From far off I hear music, antique music played on horns and shawms, and very close to me I feel the breath of a young woman. As clearly as if in broad daylight, a procession of beautiful creatures passes before me, their rhythmically swaying bodies immaculate, eyes shining with pride at their nakedness, each with a crown of white flowers, their private parts decked with evergreen. They rise up from the earth and are received into a merciful black hole beyond the luminous ribbon of the Milky Way. My grateful heart rejoices when I see among the chosen ones the long-haired blonde girl who ages ago, in a distant country, ignited my only true passion.
At 2:49 am dead birds begin to rain down on the ravaged earth; only the vultures remain hovering in prayer in the sky. Suddenly they too dive down at lightning speed and plunge their bald heads ravenously into the swollen human and animal carcasses. When the heads reemerge, great chunks of intestine, dripping with blood and fat, are hanging from the curved beaks. Among the ruins of the towns and villages insects with bloated stomachs swarm over the human and animal remains, now stripped of flesh. The ants leave their shattered dwellings and advance in countless disciplined armies for the final reckoning. The gorged vultures and insects they find among the skeletons offer no resistance and are all destroyed. Once the task of retribution has been accomplished, each ant grabs another and after a ritual death dance each mortally wounds the other with its mandibles and injects its deadly poison. Nothing on the continent is left alive.
It is finished; the entire history of the old continent has been written. And at 3 am precisely there will be light, because the sun will be ignited. This tropical sun, murderous rather than life-giving, hangs in the splendid blue sky that succeeds every natural disaster, casting its even glare upon the universal putrefaction. The vast land is empty and lifeless; only in the deepest recesses of a gigantic ice floe that drifts up from the Antarctic is there a faintly throbbing, slimy mass, from which one day an amorphous, translucent creature will be born. Perhaps one day a new continent will emerge from it.

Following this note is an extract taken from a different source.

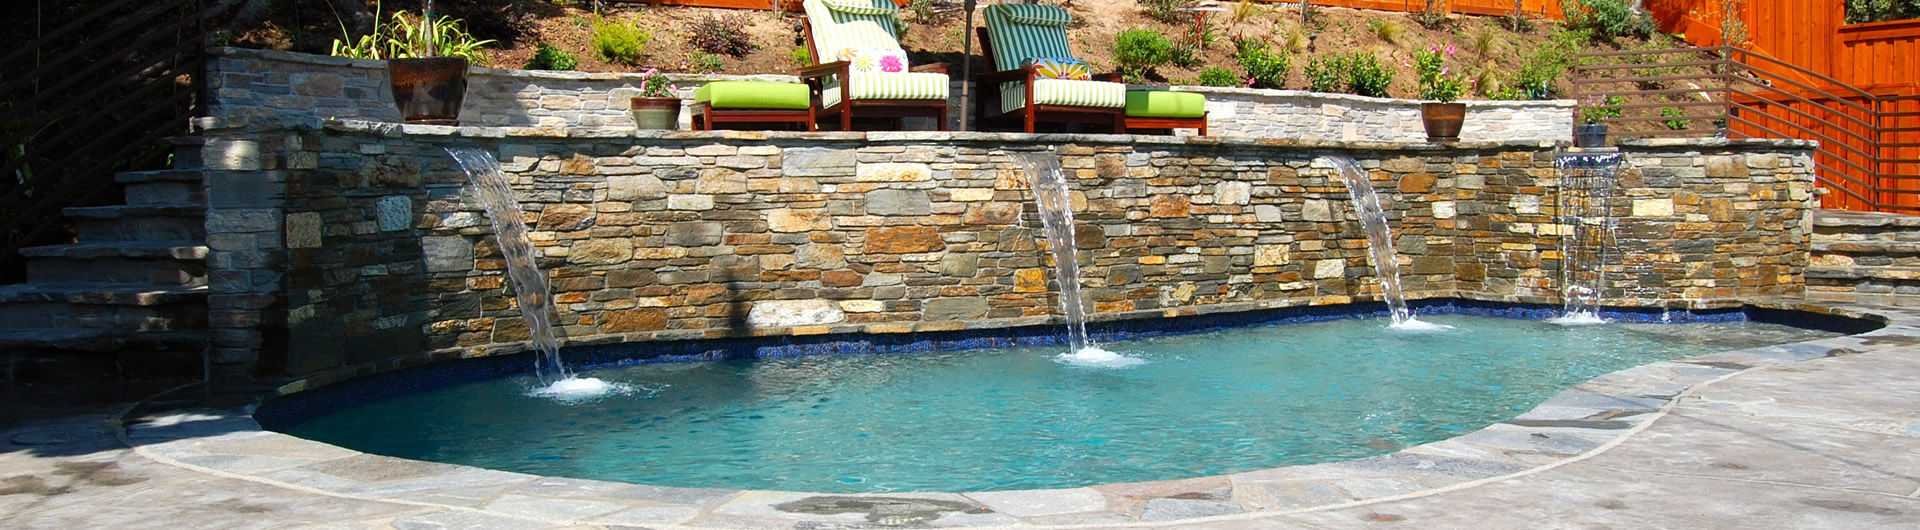 Pool and Masonry Specialists since 1970

A new territory that this time will not be linked to the north by a twisted umbilical cord and will not have Spanish as its lingua franca.
I go inside; the Caribbean islands have yet to be destroyed. I do not lock my door, I do not let the dogs out, I do not turn off the lights, I do not brush my teeth. I take the pistol from its hiding place in the wardrobe and lay it on the bedside table to the right of my bed. I switch on the air conditioning and, without undressing, lie down on the bed. With fading recognition I look at the familiar things around me: the wardrobe full of clothes, most of which I have never worn; the big curtain over the window, lined with thick material to keep out the light when I sleep all morning; the small, brightly coloured vase that I have been looking at for twenty years and which every Wednesday I am always afraid the cleaning woman will smash, as she has done with most of the glassware; the orange rug next to my bed, on which I sometimes let one of the dogs spend the night when it is ill or sad. The feeling of oneness with these things has vanished — it is as if they already belong to others. I light a cigarette. The smoke I exhale is sucked up to the ceiling by the air conditioning and then snakes lazily back down the wall. Outside I can hear the crowing of the cocks. The roar of morning is here once more and is not to be trusted.